At the start of the week we reported that the battle between French conglomerate Vivendi and activist investor Elliott for control of Italian operator group TIM had degenerated to the point of resembling an acrimonious custody battle. The latest initiative from Vivendi was to accuse the TIM board of bad behaviour and state that this was the result of it being dominated by Elliott nominees.
That same board has now responded, laying out six Vivendi accusations and addressing each one at considerable length. We’re not going to lie to you, dear reader, the response is far from being a riveting read. But such is our devotion to duty here at Telecoms.com that we’ve digested the essence so you don’t have to. Italics denotes a direct copy from the document and regular font denotes our summaries of the TIM response.
Essentially, according to shareholder Vivendi and Mr de Puyfontaine, the Board is alleged to have:
(i) executed an unwarranted impairment test process which allegedly resulted in an equally unwarranted writedown of goodwill for a grand total of 2 billion euros in the interim report on operations at 30 September 2018;
The reasons for this have already been published and the process was signed off by loads of expert third parties. Furthermore the decision was overwhelmingly approved by the board, including Amos Genish.

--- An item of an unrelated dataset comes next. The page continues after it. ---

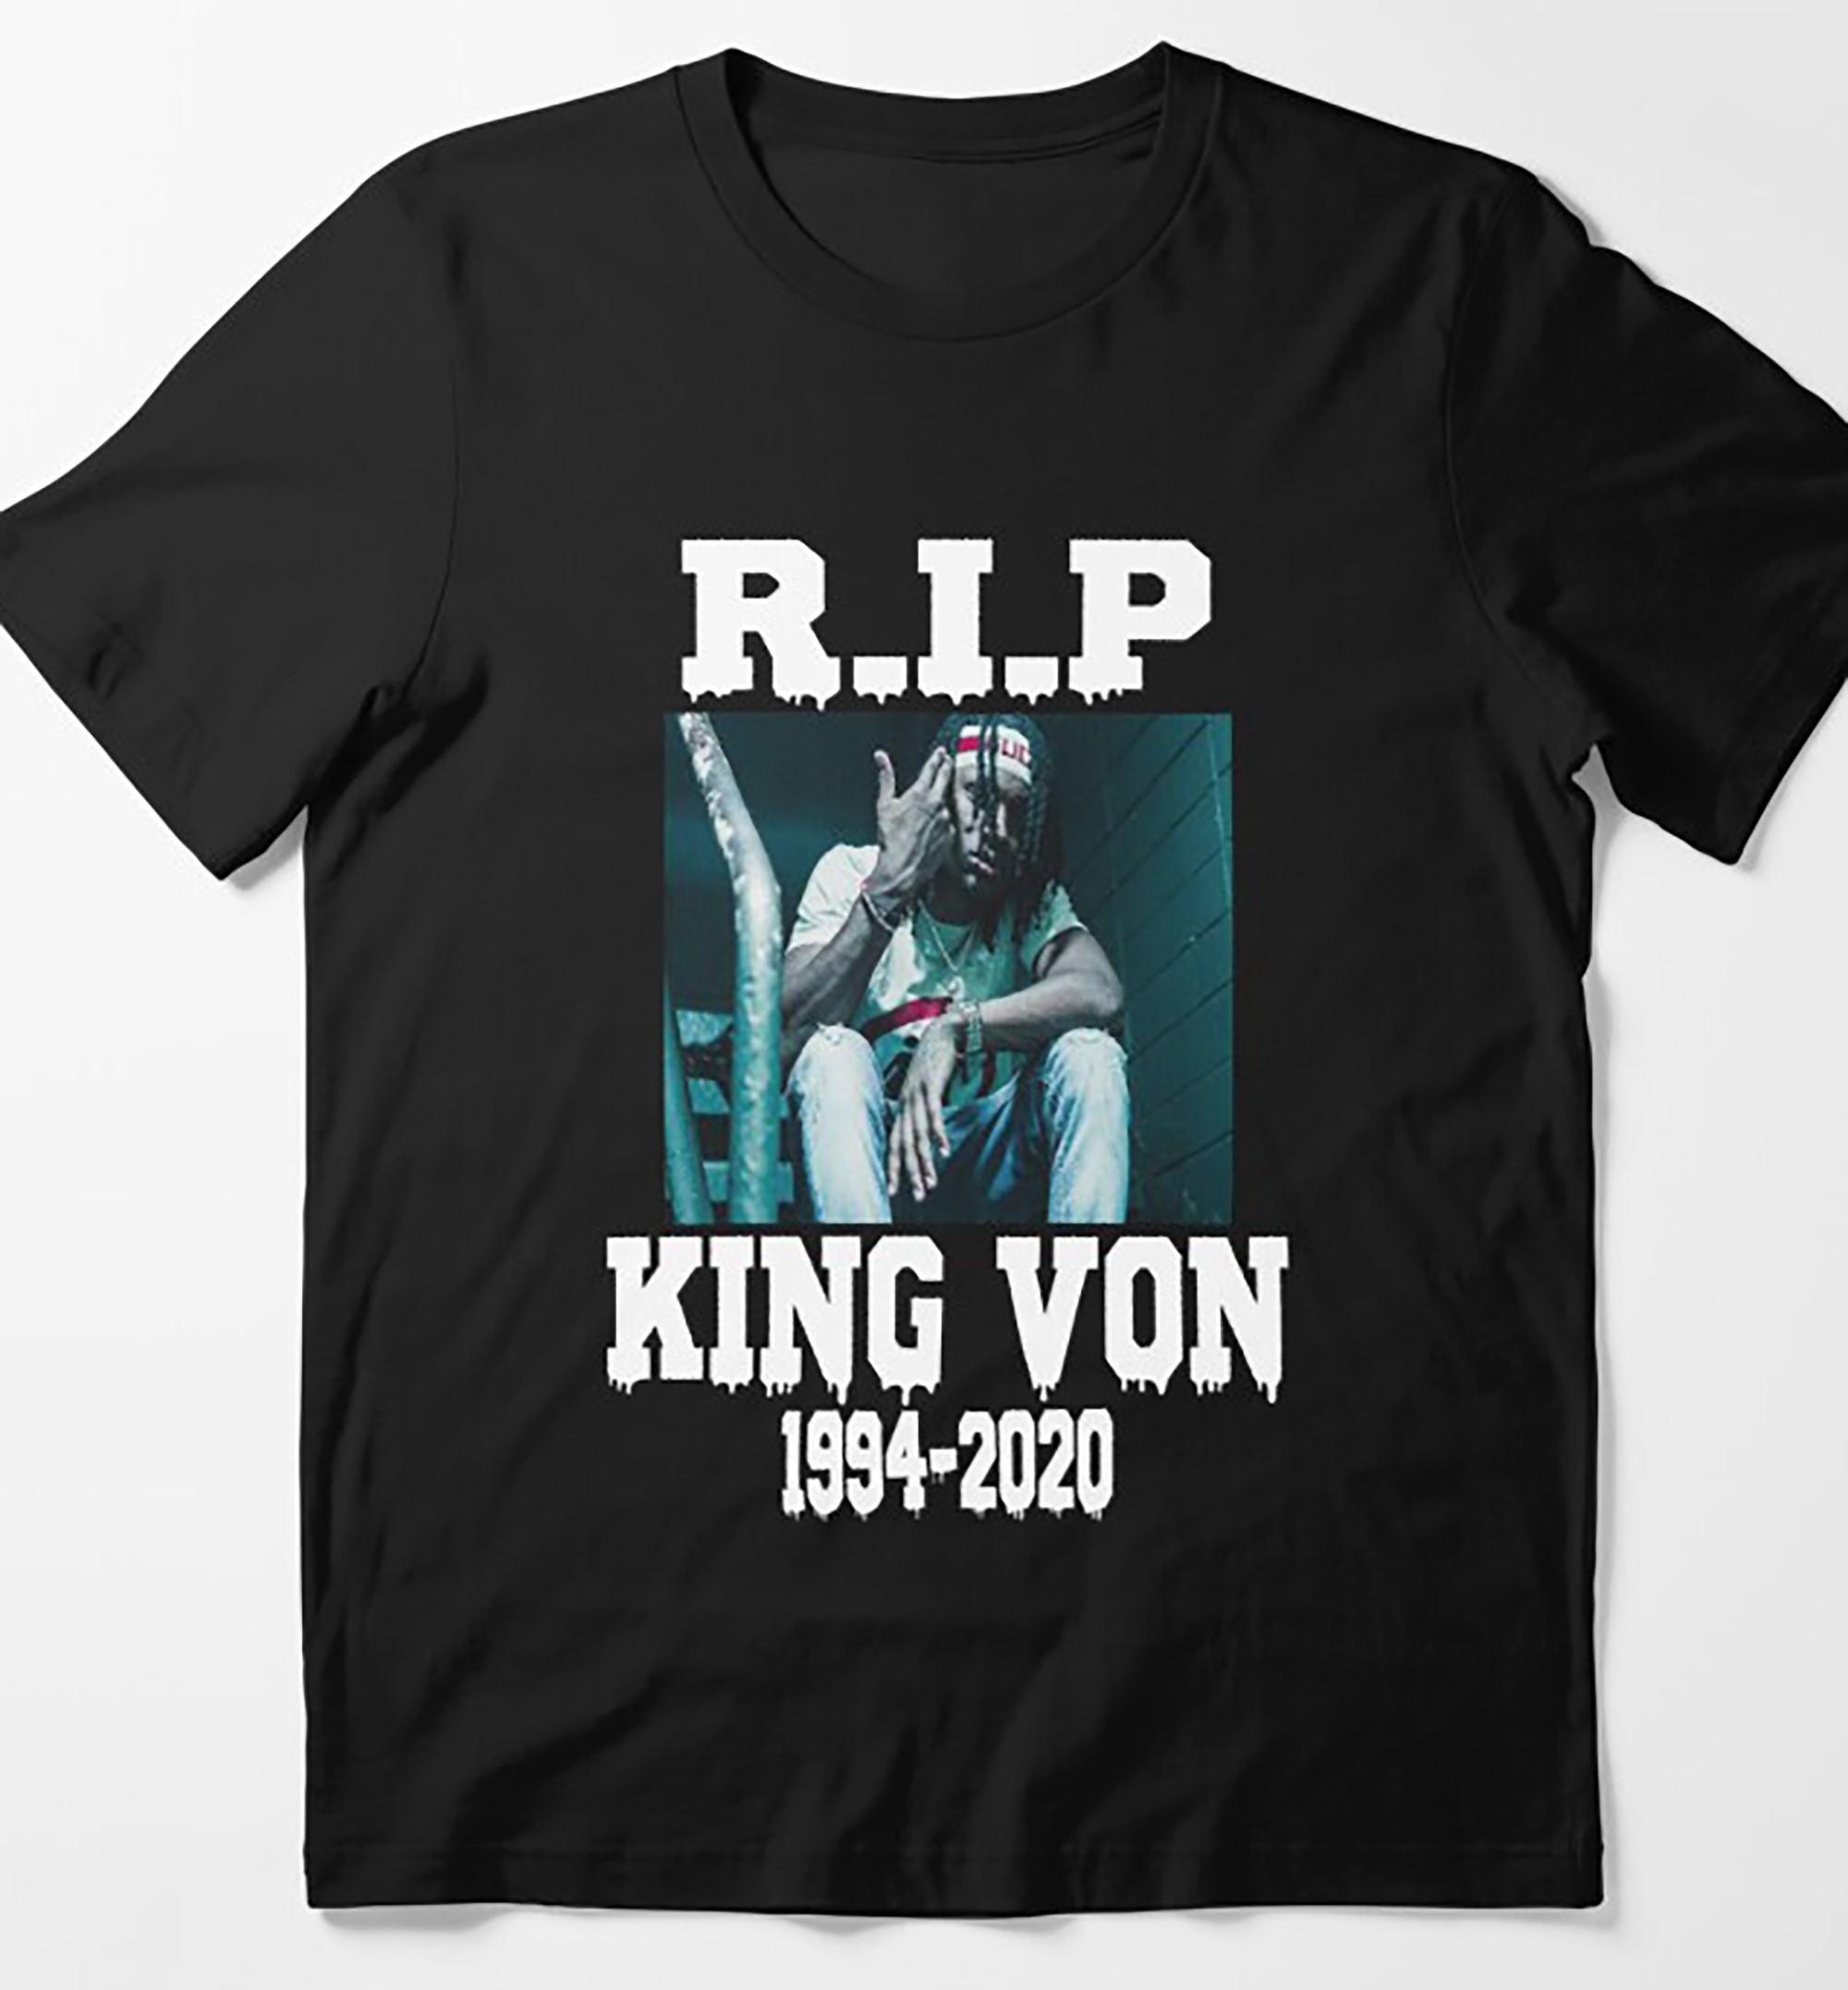 Rip King Von Rip King Von 1994-2020 Essential T-shirt

(ii) utilised the circumstances that led to the impairment to revoke the powers assigned to Mr Amos Genish;
He was doing a rubbish job and there’s loads of evidence to prove it.
(iii) breached the rules of governance in the process that led to the aforementioned revocation;
He was doing such a rubbish job that we couldn’t waste any time in replacing him as CEO.
(iv) breached the rules of governance in the process whereby powers were attributed to Mr Luigi Gubitosi;
See previous answer.
(v) breached the current regulations on the occasion of Vivendi’s request for a TIM shareholders’ meeting to be called to:
(a) appoint the external auditors for the period 2019-2027;
(b) revoke the mandates of five directors, in the persons of Fulvio Conti, Alfredo Altavilla, Massimo Ferrari, Dante Roscini and Paola Giannotti de Ponti, and
(c) appoint five Directors, in the persons of Franco Bernabè, Rob van der Valk, Flavia Mazzarella, Gabriele Galateri di Genola and Francesco Vatalaro, to replace those whose mandates were revoked;
We already addressed this. Everything was done by the book and loads of experts will back us up on that.
(vi) breached current law on the occasion of the announcement to the market of preliminary 2018 results below the consensus and prudent estimates for the first half of 2019, allegedly thus causing a fall in the share price, as well as a loss of trust among investors.
On the contrary the law obliged us to make that announcement.
The response concludes by noting, as it was bound to, that Vivendi’s accusations are groundless and everything the board’s actions have been exemplary and beyond reproach. Vivendi can’t have expected anything else, but at least it forced the board to explain itself fully ahead of the shareholder meeting at the end of this month. It will presumably spend the intervening time picking holes in it.